+++ Dataset
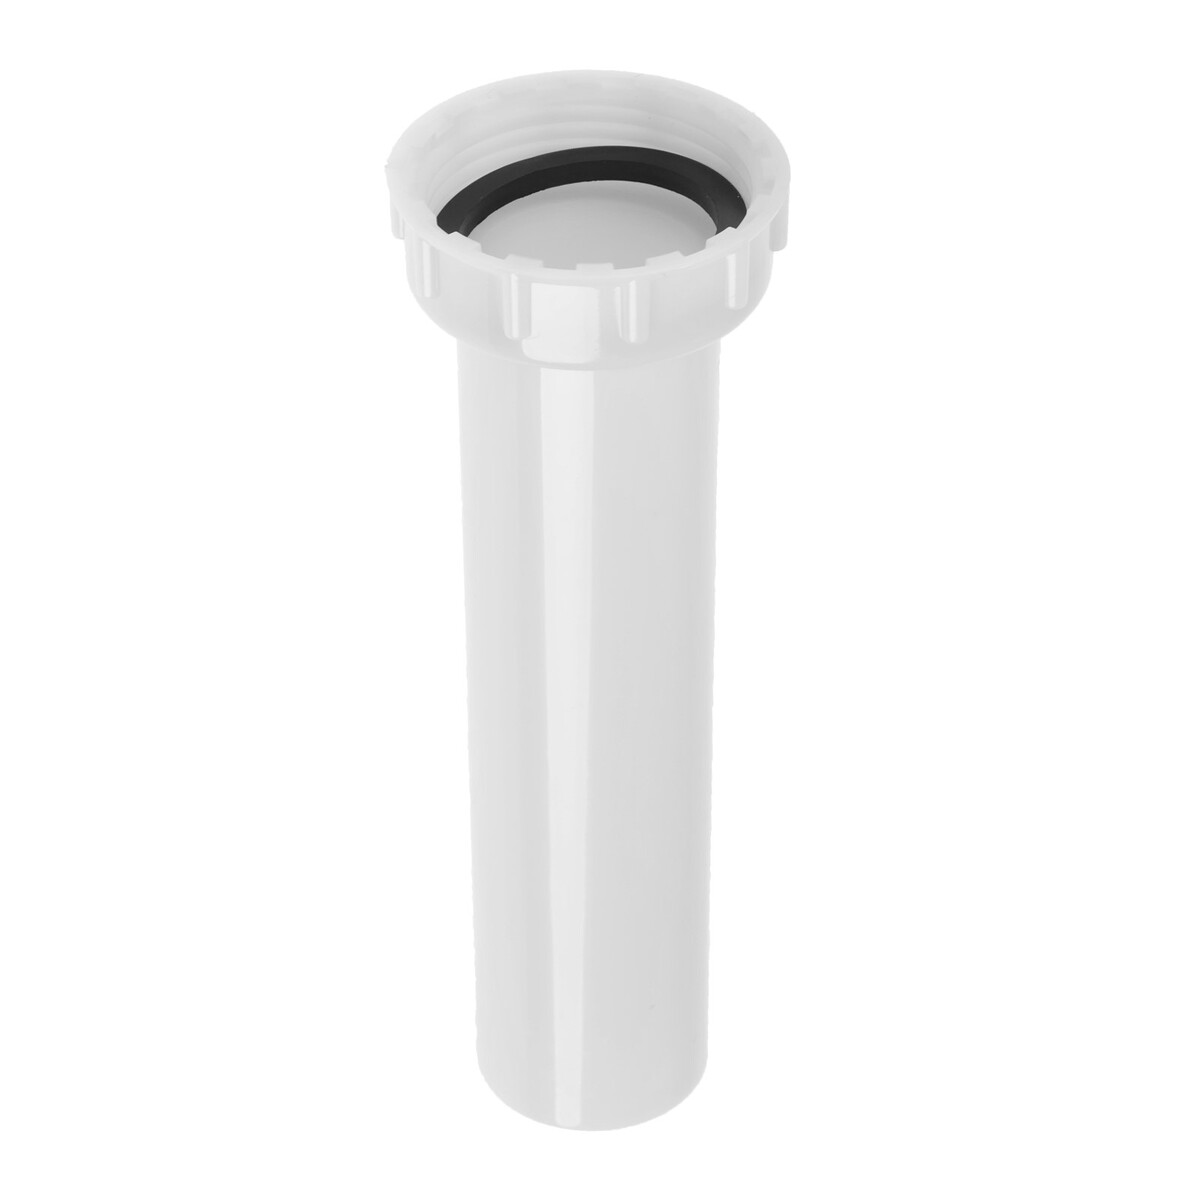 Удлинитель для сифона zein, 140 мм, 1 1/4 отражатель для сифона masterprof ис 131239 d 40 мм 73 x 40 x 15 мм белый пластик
++++++
+++ Dataset
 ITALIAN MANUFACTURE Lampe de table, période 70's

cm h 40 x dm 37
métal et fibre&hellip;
++++++
+++ Dataset
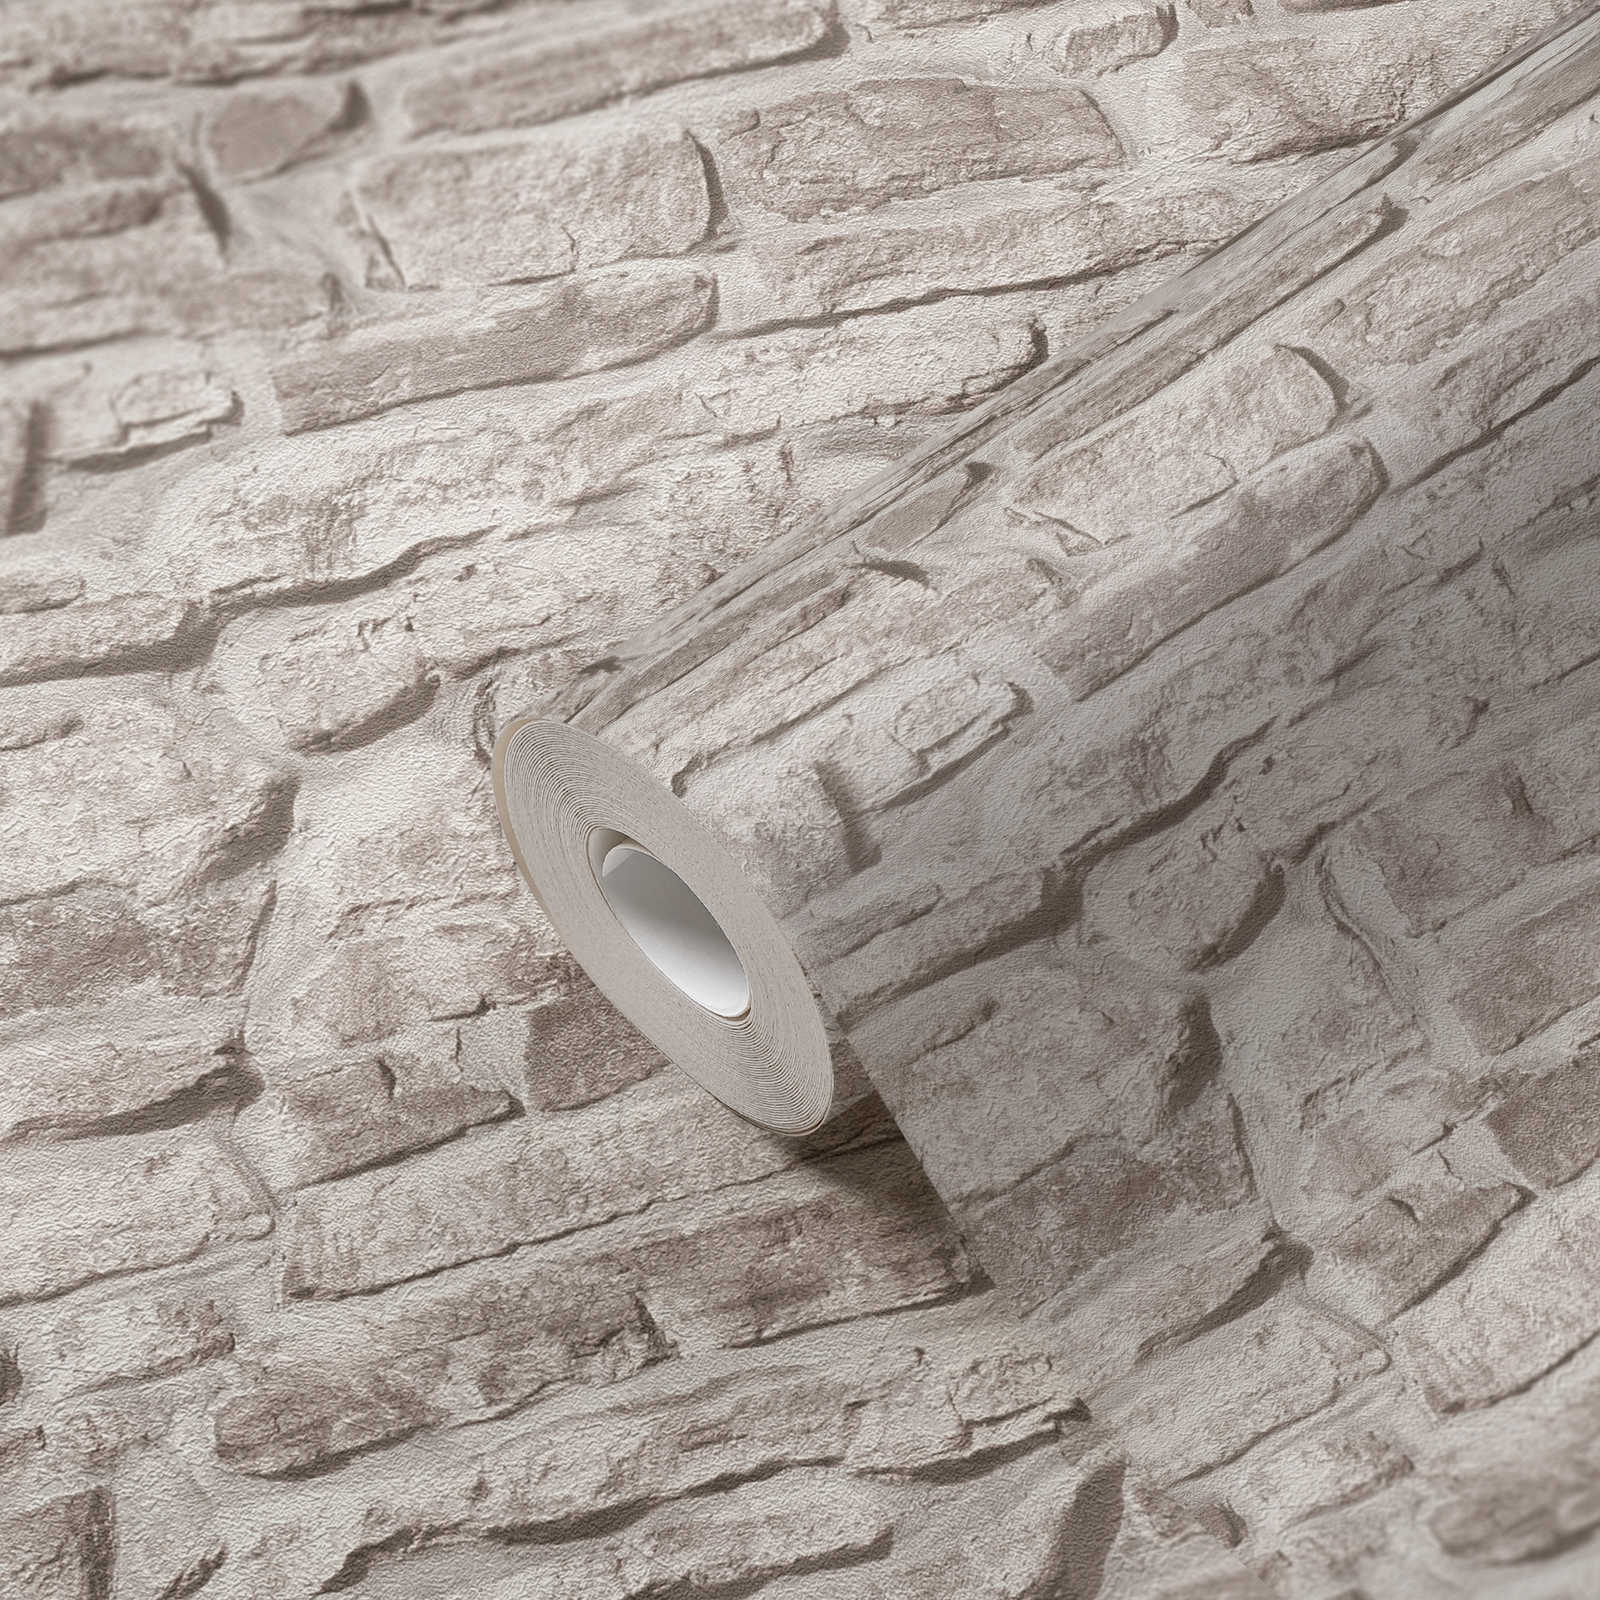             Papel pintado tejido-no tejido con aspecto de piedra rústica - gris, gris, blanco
++++++
__Directions for this task__
The expected output is exactly the lines of the listing above between the line holding "ITALIAN MANUFACTURE Lampe" and the line holding "métal et fibre&hellip;", inclusive.

__Answer for this exercise__
 ITALIAN MANUFACTURE Lampe de table, période 70's

cm h 40 x dm 37
métal et fibre&hellip;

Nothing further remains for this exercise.